Она ненавидит Ллойд Джорджа, из-за него, дескать, погибла Россия, – и вообще: "Я бы этих англичан своими руками передушила". Немцам попадает за пломбированный поезд (большевичный консерв, импорт Ленина). Французам: "Мне, знаешь, рассказывал Ардалион, что они держались по-хамски во время эвакуации". Вместе с тем она находит тип англичанина (после моего) самым красивым на свете, немцев уважает за музыкальность и солидность и "обожает Париж", где как-то провела со мной несколько дней. Эти ее убеждения неподвижны, как статуи в нишах. Зато ее отношение к русскому народу проделало все-таки некоторую эволюцию.
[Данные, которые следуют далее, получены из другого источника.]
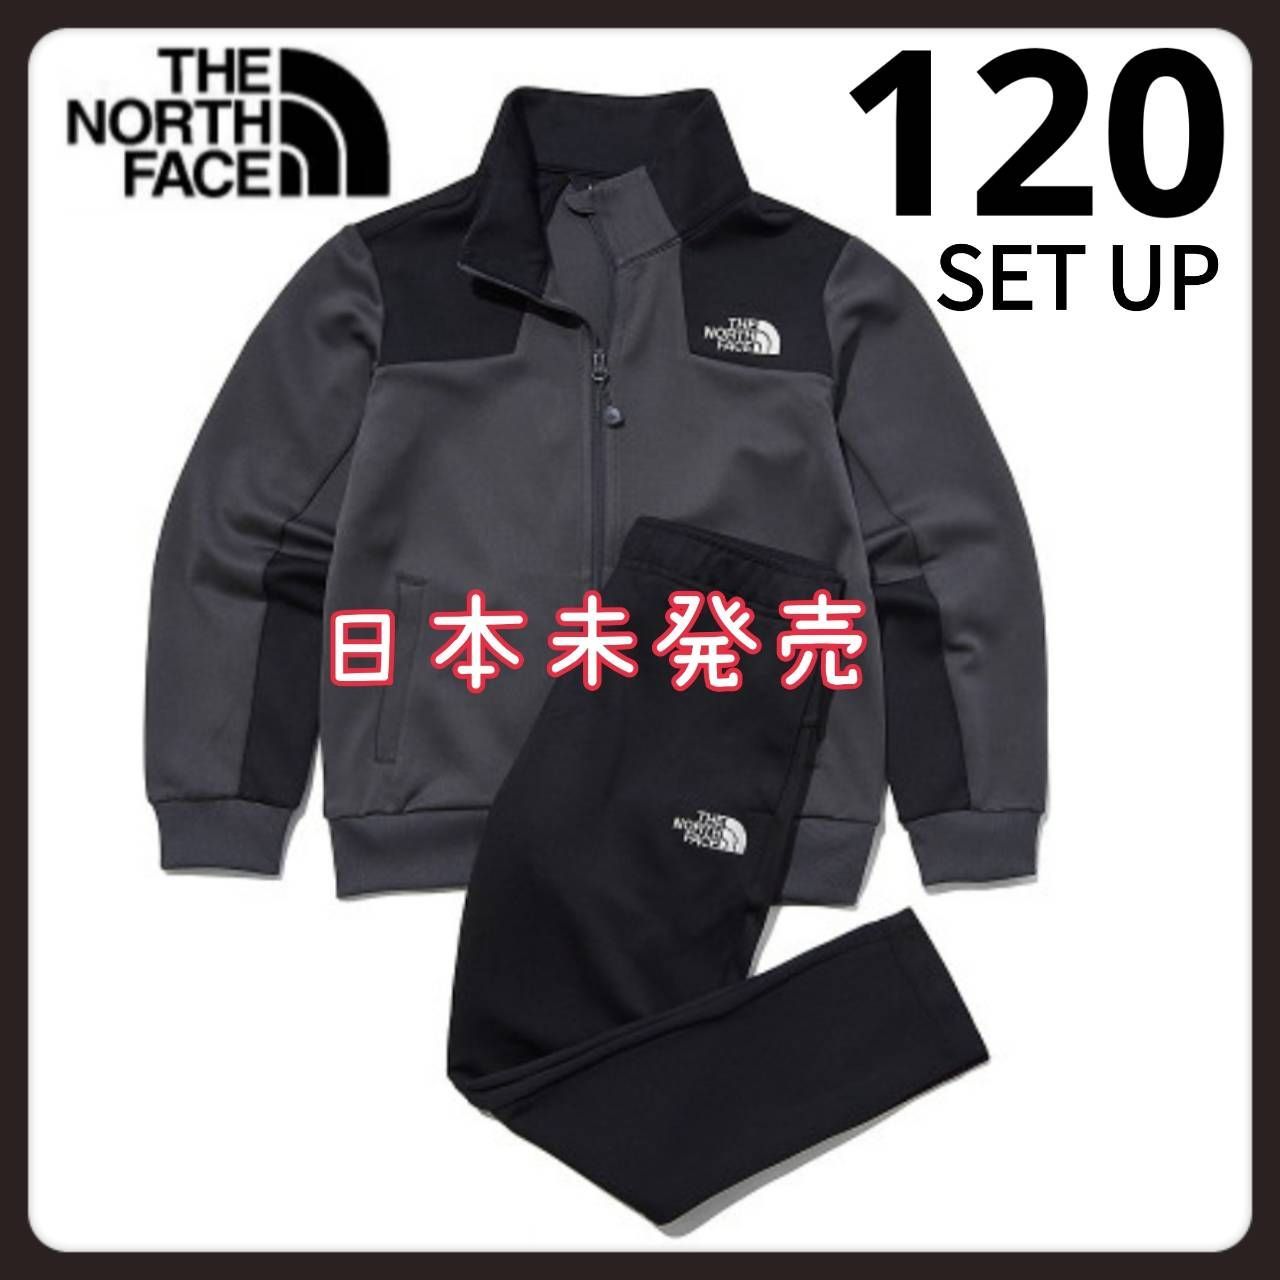 The North Face セットアップ-

В двадцатом году она еще говорила: "Настоящий русский мужик – монархист". Теперь она говорит: "Настоящий русский мужик вымер".

 

She hates Lloyd George; had it not been for him, the Russian Empire would not have fallen; and--generally: "I could strangle those English with my own hands." Germans get their due for that sealed train in which Bolshevism was tinned, and Lenin imported to Russia. Speaking of the French: "Do you know, Ardalion [a cousin of hers who had fought with the White Army] says they behaved like downright cads in Odessa during the evacuation." At the same time she considers the English type of face to be (after mine) the handsomest on earth; respects Germans because they are musical and steady; and declares she adores Paris, where we once happened to spend a few days. These opinions of hers stand as stiff as statues in their niches. On the contrary, her position in respect to the Russian folk has, on the whole, undergone a certain evolution. In 1920 she was still saying: "The genuine Russian peasant is a monarchist"; now she says: "The genuine Russian peasant is extinct." (Chapter Two)

 

In VN's novel Hermann kills Felix, a tramp whom Hermann believes to be his perfect double. Before shooting Felix dead, Hermann shaves off his victim's mustache. After the murder Hermann stops shaving and grows a beard:

 

Вот, не люблю этого слова. Страшная штука. С тeх пор, как я перестал бриться, оного не употребляю. Между тeм упоминание о нем неприятно взволновало меня, прервало течение моего рассказа. (Представьте себe, что слeдует: история зеркал). А есть и кривые зеркала, зеркала-чудовища: малeйшая обнажённость шеи вдруг удлиняется, а снизу, навстрeчу ей, вытягивается другая, неизвeстно откуда взявшаяся марципановая нагота, и обe сливаются; кривое зеркало раздeвает человeка или начинает уплотнять его, и получается человeк-бык, человeк-жаба, под давлением неисчислимых зеркальных атмосфер, — а не то тянешься, как тeсто, и рвёшься пополам, — уйдём, уйдём, — я не умeю смeяться гомерическим смeхом, — всё это не так просто, как вы, сволочи, думаете. Да, я буду ругаться, никто не может мнe запретить ругаться. И не имeть зеркала в комнатe — тоже мое право. А в крайнем случаe (чего я, дeйствительно, боюсь?) отразился бы в нем незнакомый бородач, — здорово она у меня выросла, эта самая борода, — и за такой короткий срок, — я другой, совсeм другой, — я не вижу себя. Из всeх пор прет волос. По-видимому, внутри у меня были огромные запасы косматости. Скрываюсь в естественной чащe, выросшей из меня. Мнe нечего бояться. Пустая суевeрность. Вот я напишу опять это слово. Олакрез. Зеркало. И ничего не случилось. Зеркало, зеркало, зеркало. Сколько угодно, — не боюсь. Зеркало. Смотрeться в зеркало. Я это говорил о женe. Трудно говорить, если меня всё время перебивают.

 

Now that is a word I loathe, the ghastly thing! I have had none of the article ever since I stopped shaving. Anyway, the mere mention of it has just given me a nasty shock, broken the flow of my story (please imagine what should follow here—the history of mirrors); then, too, there are crooked ones, monsters among mirrors: a neck bared, no matter how slightly, draws out suddenly into a downward yawn of flesh, to meet which there stretches up from below the belt another marcipane-pink nudity and both merge into one; a crooked mirror strips its man or starts to squash him, and lo! there is produced a man-bull, a man-toad, under the pressure of countless glass atmospheres; or else, one is pulled out like dough and then torn into two.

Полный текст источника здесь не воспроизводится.